2. The memory controller of claim 1 , wherein the second sequence is based at least in part on a starting column address of the instruction.
3. The memory controller of claim 1 , wherein the second sequence is based at least in part on an indication of a burst type in the instruction.
4. The memory controller of claim 3 , wherein the indication of the burst type is an indication of whether the burst type is a sequential burst type or an interleaved burst type.
5. The memory controller of claim 1 , wherein the second sequence is based at least in part on a pin setting of the CPU.
6. The memory controller of claim 1 , wherein the memory controller is coupled with a dynamic random access memory (DRAM) configured to store the data.
7. The memory controller of claim 1 , wherein the data is 64 bytes long.
8. The memory controller of claim 7 , wherein each portion in the plurality of portions is 8 bytes long.
9. A method comprising:
retrieving, by a memory controller and based at least in part on an instruction received from a central processing unit (CPU), a first portion of a sequential data and a second portion of the sequential data, the first portion and the second portion being next to one another in the sequential data;
placing, by the memory controller, the first portion in a first non-sequential location of a vector register file; and
placing, by the memory controller, the second portion in a second non-sequential location of the vector register file.
10. The method of claim 9 , wherein the memory controller is further configured to place the first portion in the first non-sequential location of a vector register file for processing by a first vector processing unit coupled with the memory controller; and
the memory controller is further configured to place the second portion in the second non-sequential location of the vector register file for processing by a second vector processing unit coupled with the memory controller.
11. The method of claim 9 , further comprising selecting, by the memory controller, the first non-sequential location of the vector register file from a plurality of locations of the vector register file based at least in part on a starting column address in the instruction.
12. The method of claim 9 , further comprising selecting, by the memory controller, the first non-sequential location of the vector register file a plurality of locations of the vector register file based on whether the retrieving is according to a sequential burst type or an interleaved burst type.
13. The method of claim 9 , wherein the sequential data is stored in a dynamic random access memory (DRAM).
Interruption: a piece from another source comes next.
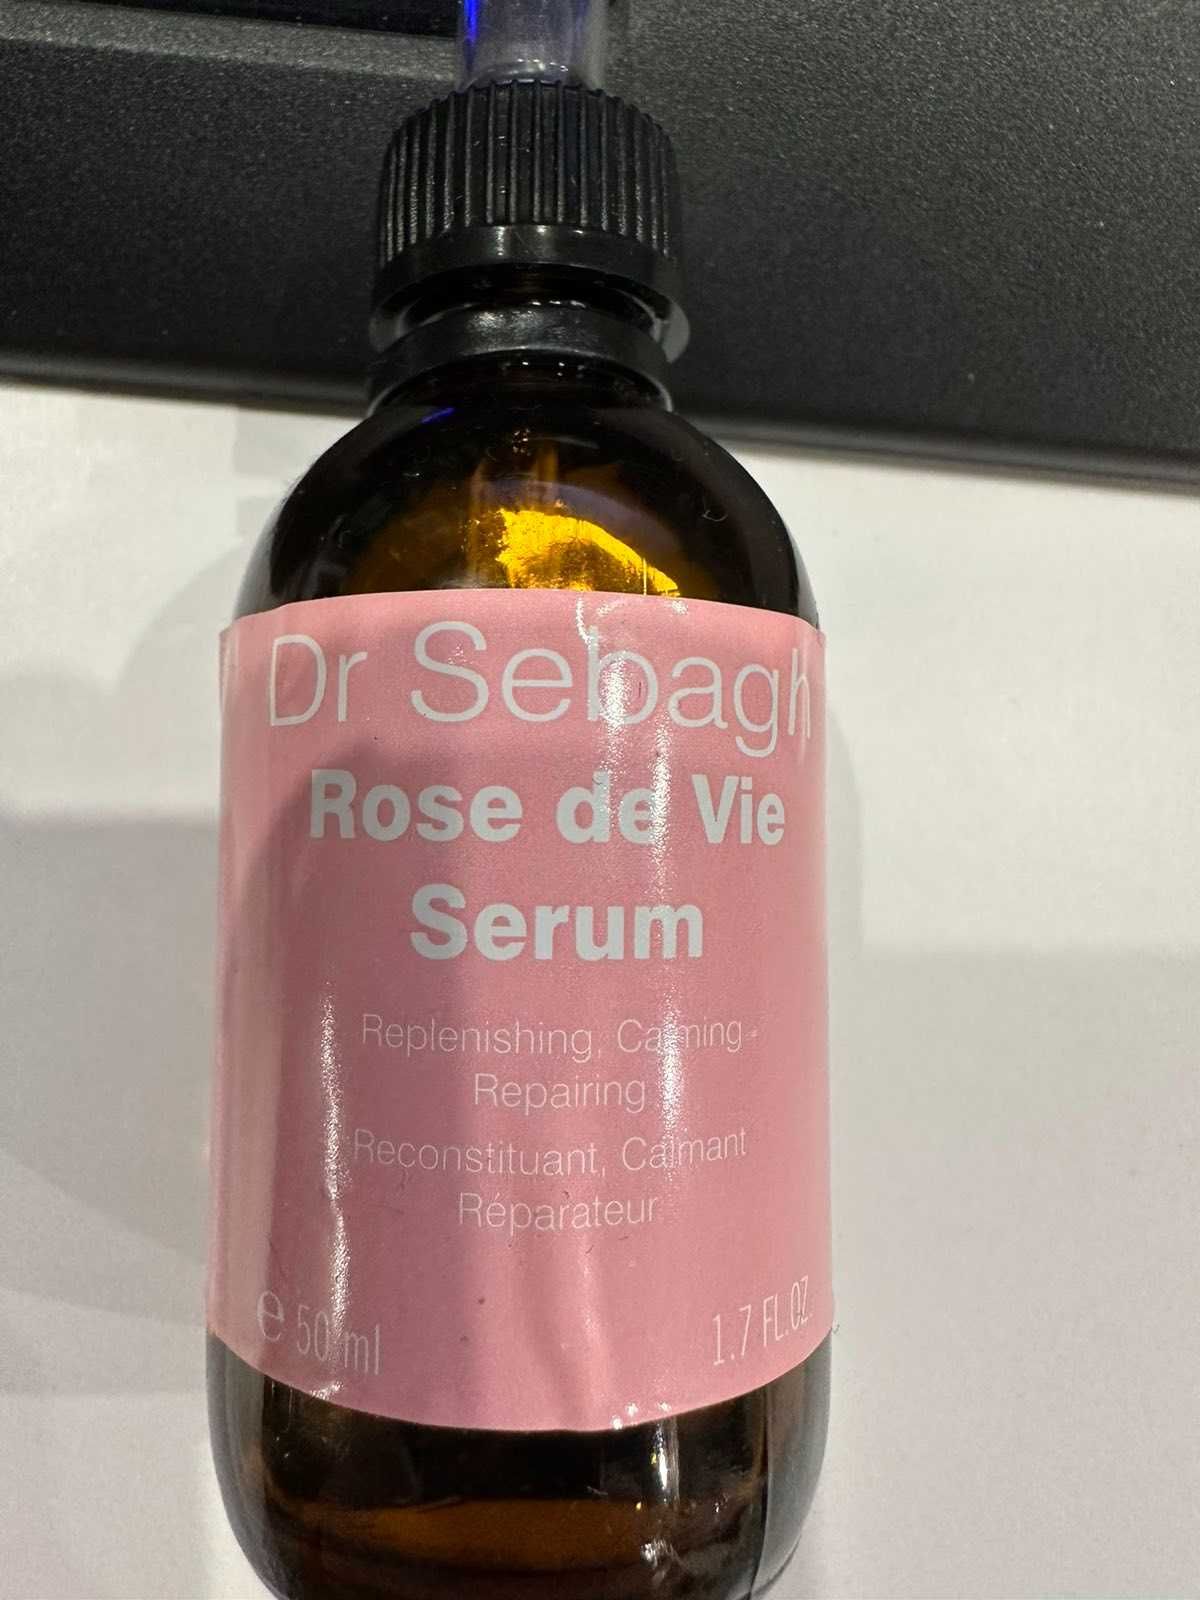 Сыворотка Dr Sebagh Rose de vie serum / Франция/

14. The method of claim 9 , wherein the first portion of the sequential data is 8 bytes of data.
15. The method of claim 14 , wherein the sequential data is 64 bytes of data.
16. An apparatus comprising:
a dynamic random access memory (DRAM) coupled with a memory controller and configured to store a sequential data;
a central processing unit (CPU) coupled with a memory controller, wherein the CPU is configured to transmit an instruction to a memory controller, and wherein the memory controller is configured to:
retrieve, by the memory controller and based at least in part on the instruction received from the CPU, a first portion of the sequential data and a second portion of the sequential data, the first portion and the second portion being next to one another in the sequential data; and
place the first portion in a first non-sequential location of a vector register file; and
place the second portion in a second non-sequential location of the vector register file.
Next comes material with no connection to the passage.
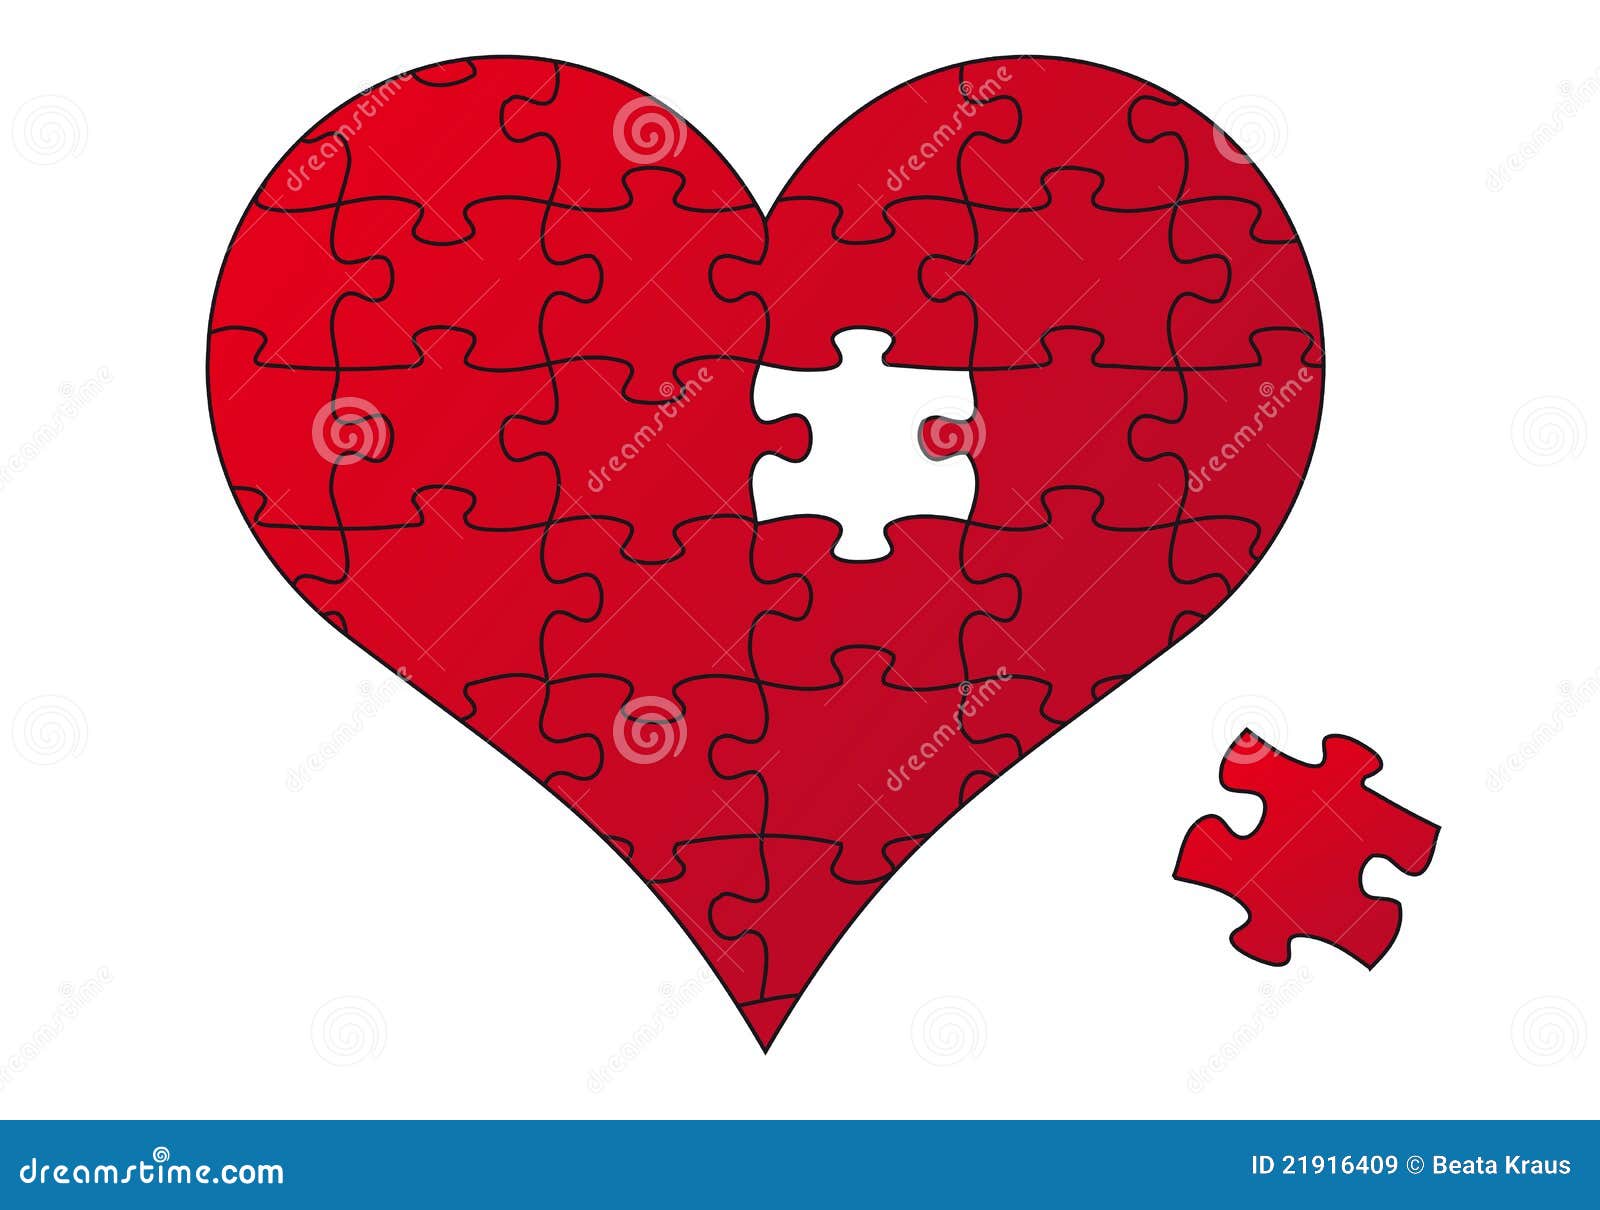 heart puzzle clipart - photo #18

17. The apparatus of claim 16 , further comprising a first processor and a second processor coupled with the memory controller;
wherein the first processor is configured to process the first portion in the first non-sequential location; and
wherein the second processor is configured to process, concurrently with the first processor, the second portion in the second non-sequential location.
18. The apparatus of claim 16 , wherein the first non-sequential location of the vector register file is selected from a plurality of locations of the vector register file based at least in part on a starting column address in the instruction.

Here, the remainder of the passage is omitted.